AvdW I always watch disaster movies, but 9 out of 10 they turn out to be disasters themselves. This movie was no exception to that rule. The story is simple (as it should be): Mother Earth shows her wrath and has no mercy doing it. The president of the US (who else, as no other country seems to be affected — Hawaii being the US) takes charge and assembles a team of experts to tell what is going on and provide a solution to the problem. No complaints from me there.

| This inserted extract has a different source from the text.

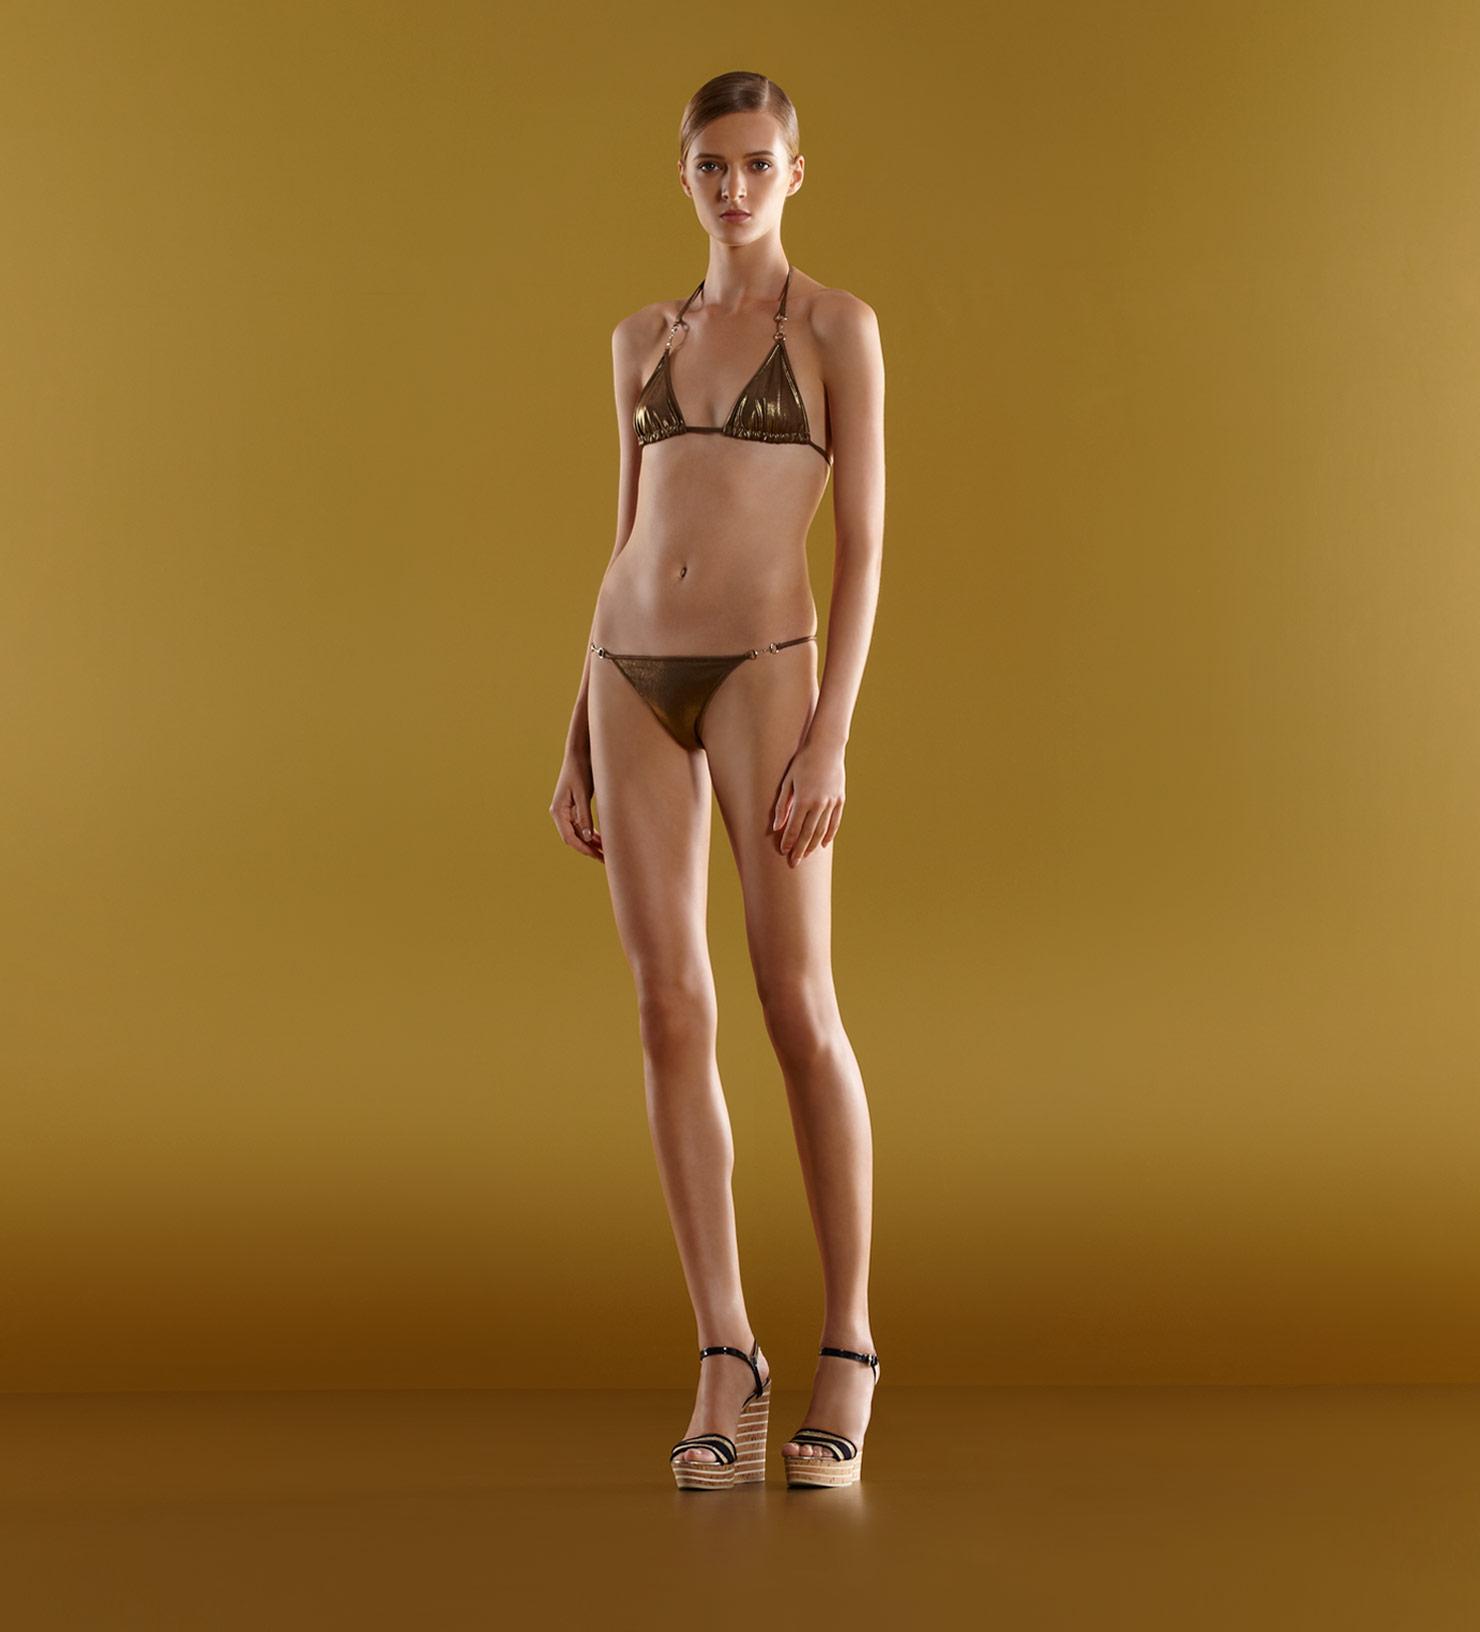 189a56f625427 Women's Metallic Triangle Top Bikini with Horsebit Detail
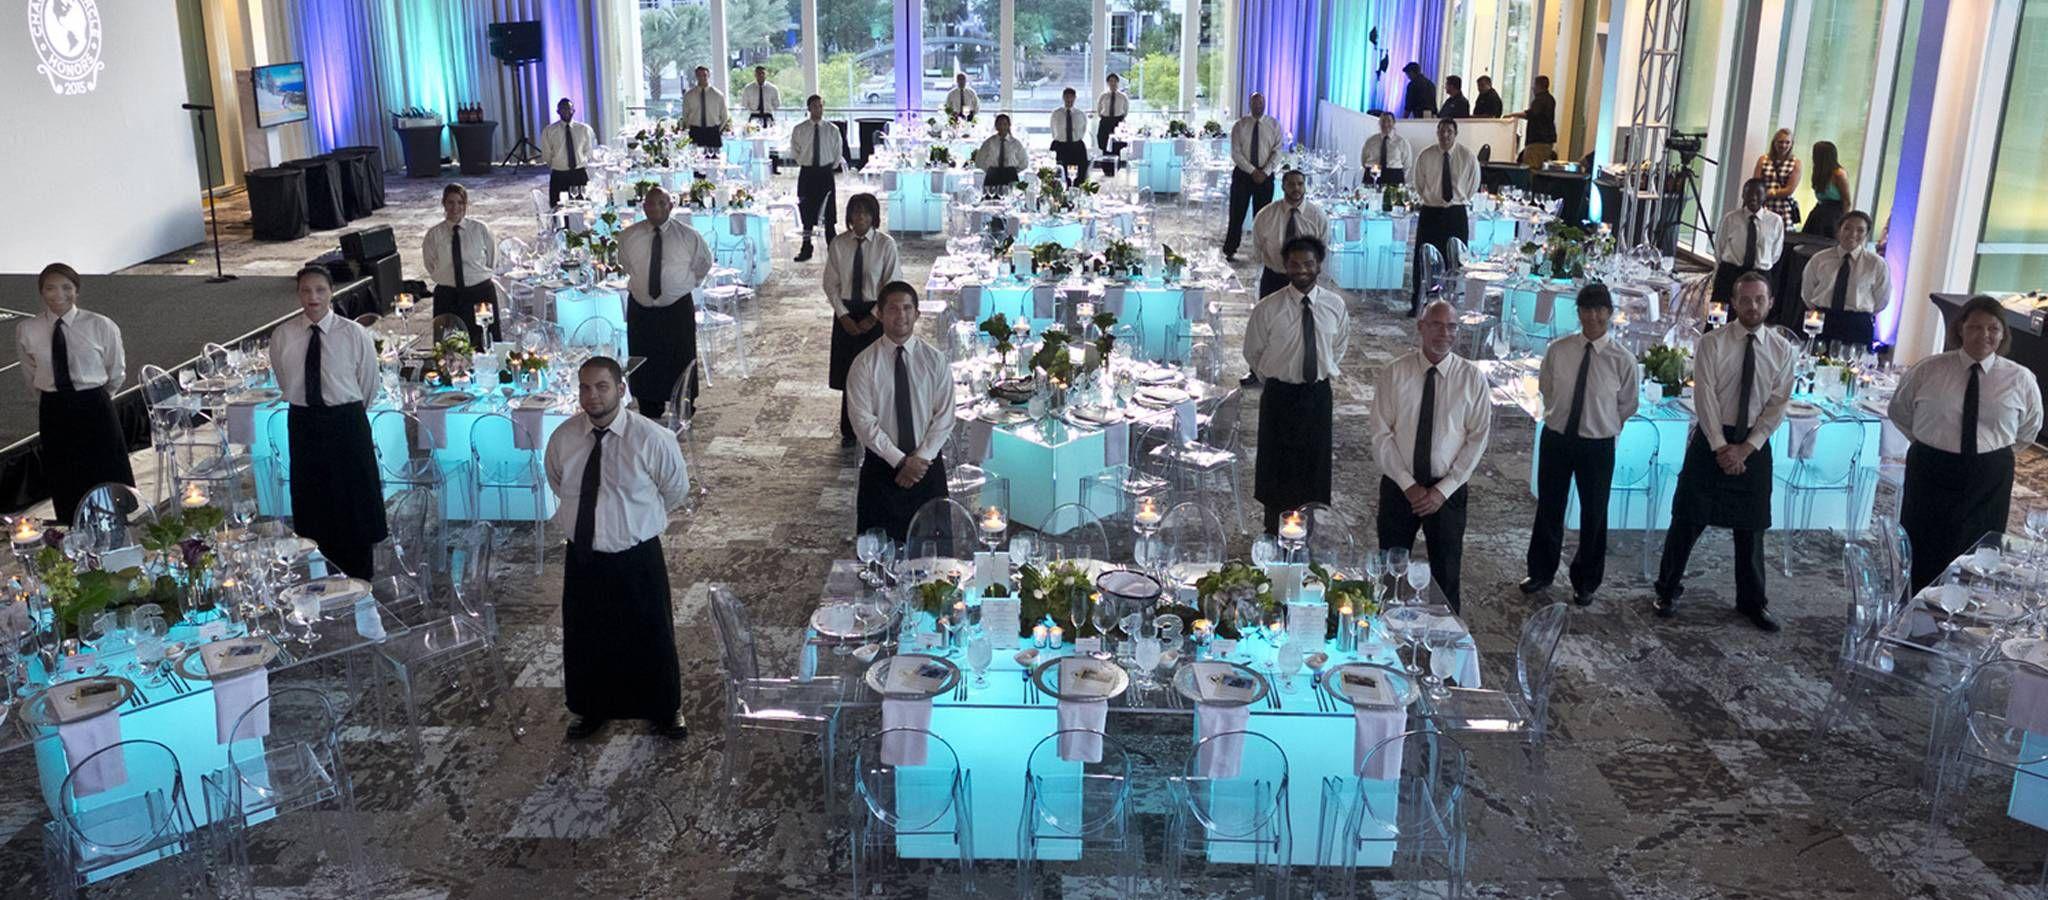 Association dinner royal table orlando events cocktail

But why oh why does the daughter of the president have to happen to assist the doctor who treats the wife of the FEMA rescuer who saves his own wife who happens to be in the same building as the father of the scientist in charge who happens to be the discredited geologist who happens to have the 'solution' (no spoiler intended), all supervised by the daughter of the FEMA director who happens to be in direct contact with the president (to come full circle)? To cut it short: suspension of disbelieve is not something thought about thoroughly by the filmmakers.But that's story wise; in a disaster movie you expect disaster to take place, and indeed is does. The special effects and computer graphics are good (for a TV movie at least). No cardboard boxes, or Styrofoam walls flying around (not too obviously anyway), and the CGI is up-to-date. But then again the story line (or rather the suspension of disbelieve) cuts in: the imagery on the computer screens at the geological crisis center are good quality, but unrealistic; the distance people and helicopters are maneuvering from exposed lava or occurring earthquakes is sheer impossible; not to mention the small amount of people that apparently are actually caught in the disaster (admittedly, the number of extras swarming the make-shift medical rescue centers is impressive).Overall the movie shows rather realistic disasters, but that is all it does. There's no real science in the movie, there's no real personal drama (should I care for a person just because he/she is introduced to me?), and there is no satisfactory ending (yeah, yeah, we shall overcome …).